Prince William Opens Up About His Mental Heath Struggles
Listening to Prince William reminisce about his impromptu sing-along with Taylor Swift was a nice way to start my day.
The Duke of Cambridge is the newest guest on Apple’s Time to Walk series, an immersive audio experience on Apple Watch for Fitness+ subscribers. The series is designed to encourage users to take a walk while listening to the voice of a celebrity guest who is also on a walk.
In each episode, guests share personal stories, songs and photos. Recordings include the footsteps and outdoor noises surrounding the narrator, making for an intimate listening experience.

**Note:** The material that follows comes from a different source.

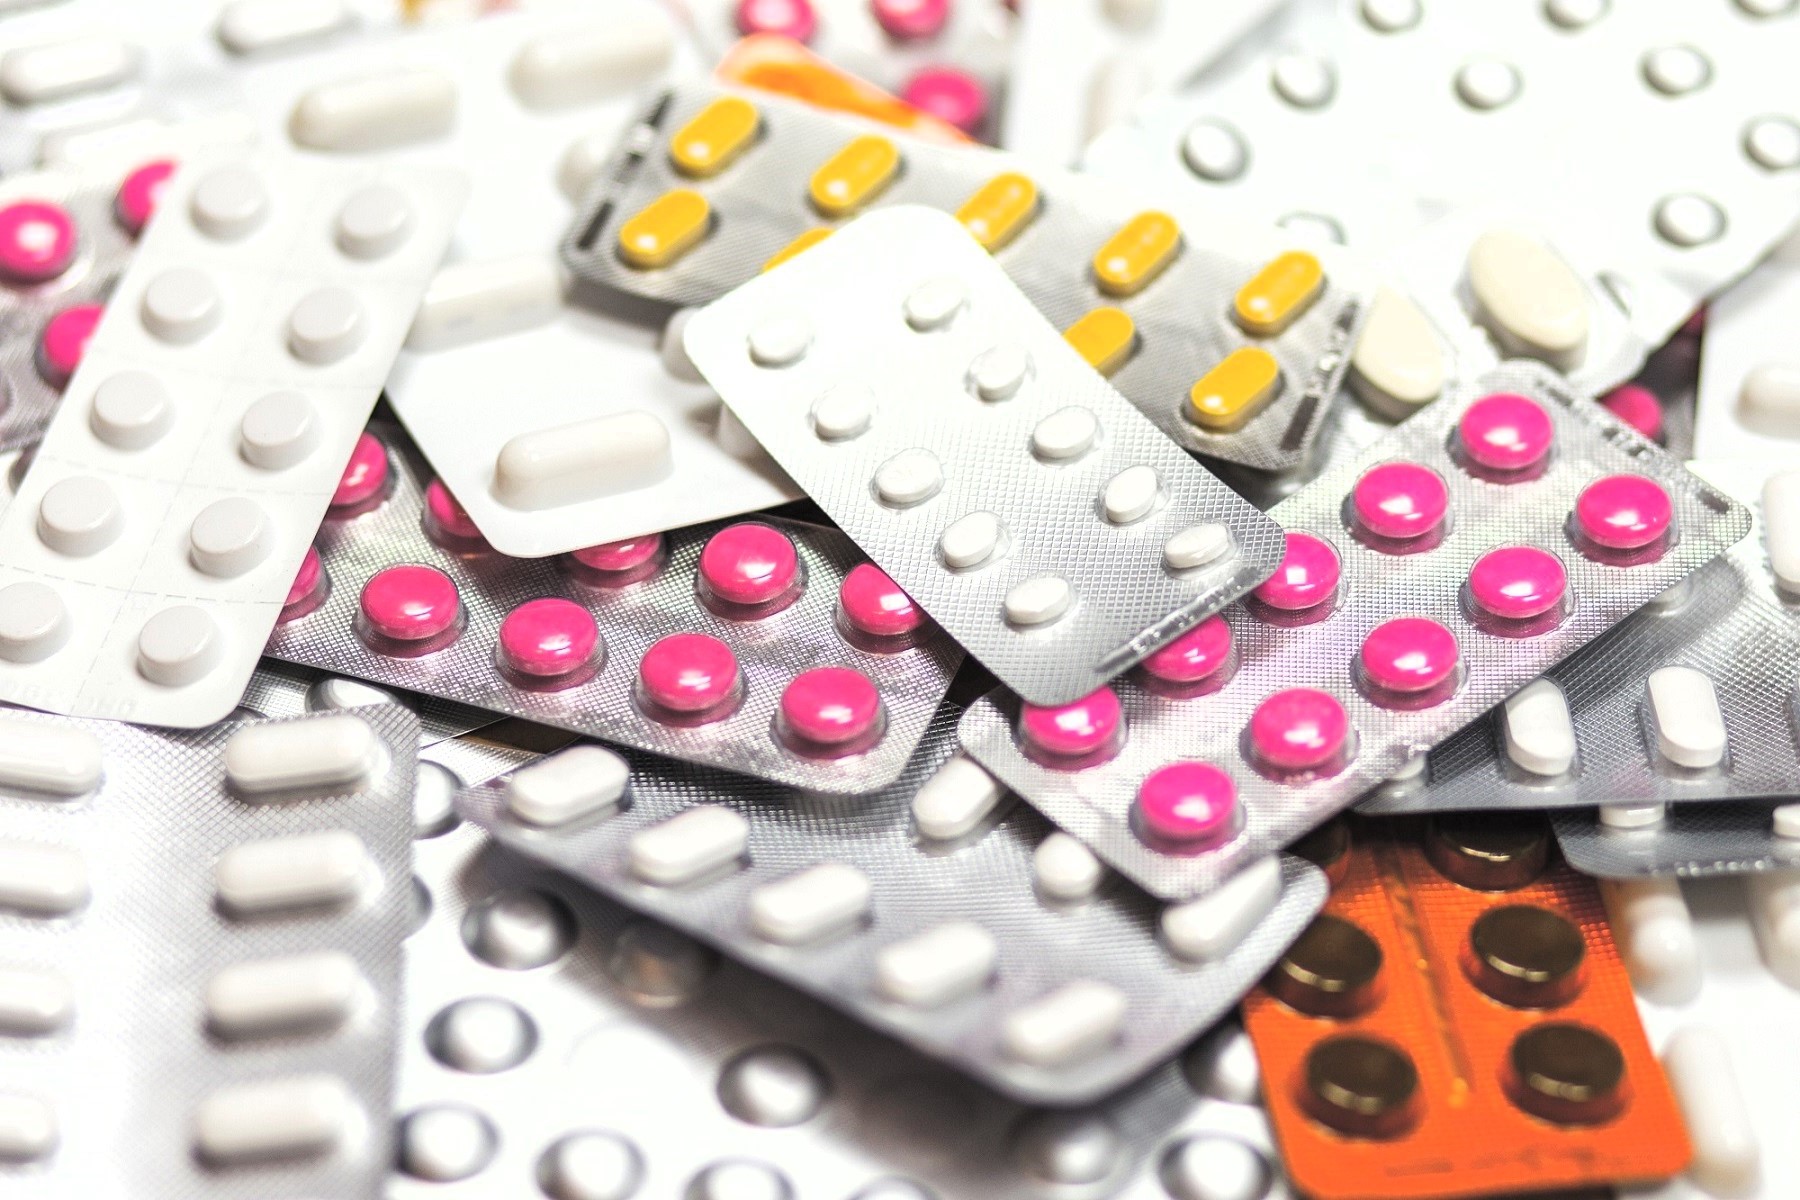 ADEX solicitó al gobierno reemplazar el requisito de estudios clínicos por actividades de farmacovigilancia. La Digemid debe aplicar criterios de riesgo, sostuvo.

While Time to Walk has featured several iconic guests like Dolly Parton and Uzo Aduba, this newest episode (available to stream on Apple Music Radio for free starting December 6) is particularly special, as listeners are able to get a rare glimpse into the life of Prince William.
To record his narration, the Duke chose to walk around the Queen’s Sandringham estate in Norfolk, a place where the royal family traditionally spends the holidays.
Mental health – a cause that both Will and Kate have been outspoken about — was the main theme of this Time to Walk installment, and the Prince started the conversation with a story about his time at the East Anglican Air Ambulance in Cambridge, a job he gave up in 2017 to focus on royal duties.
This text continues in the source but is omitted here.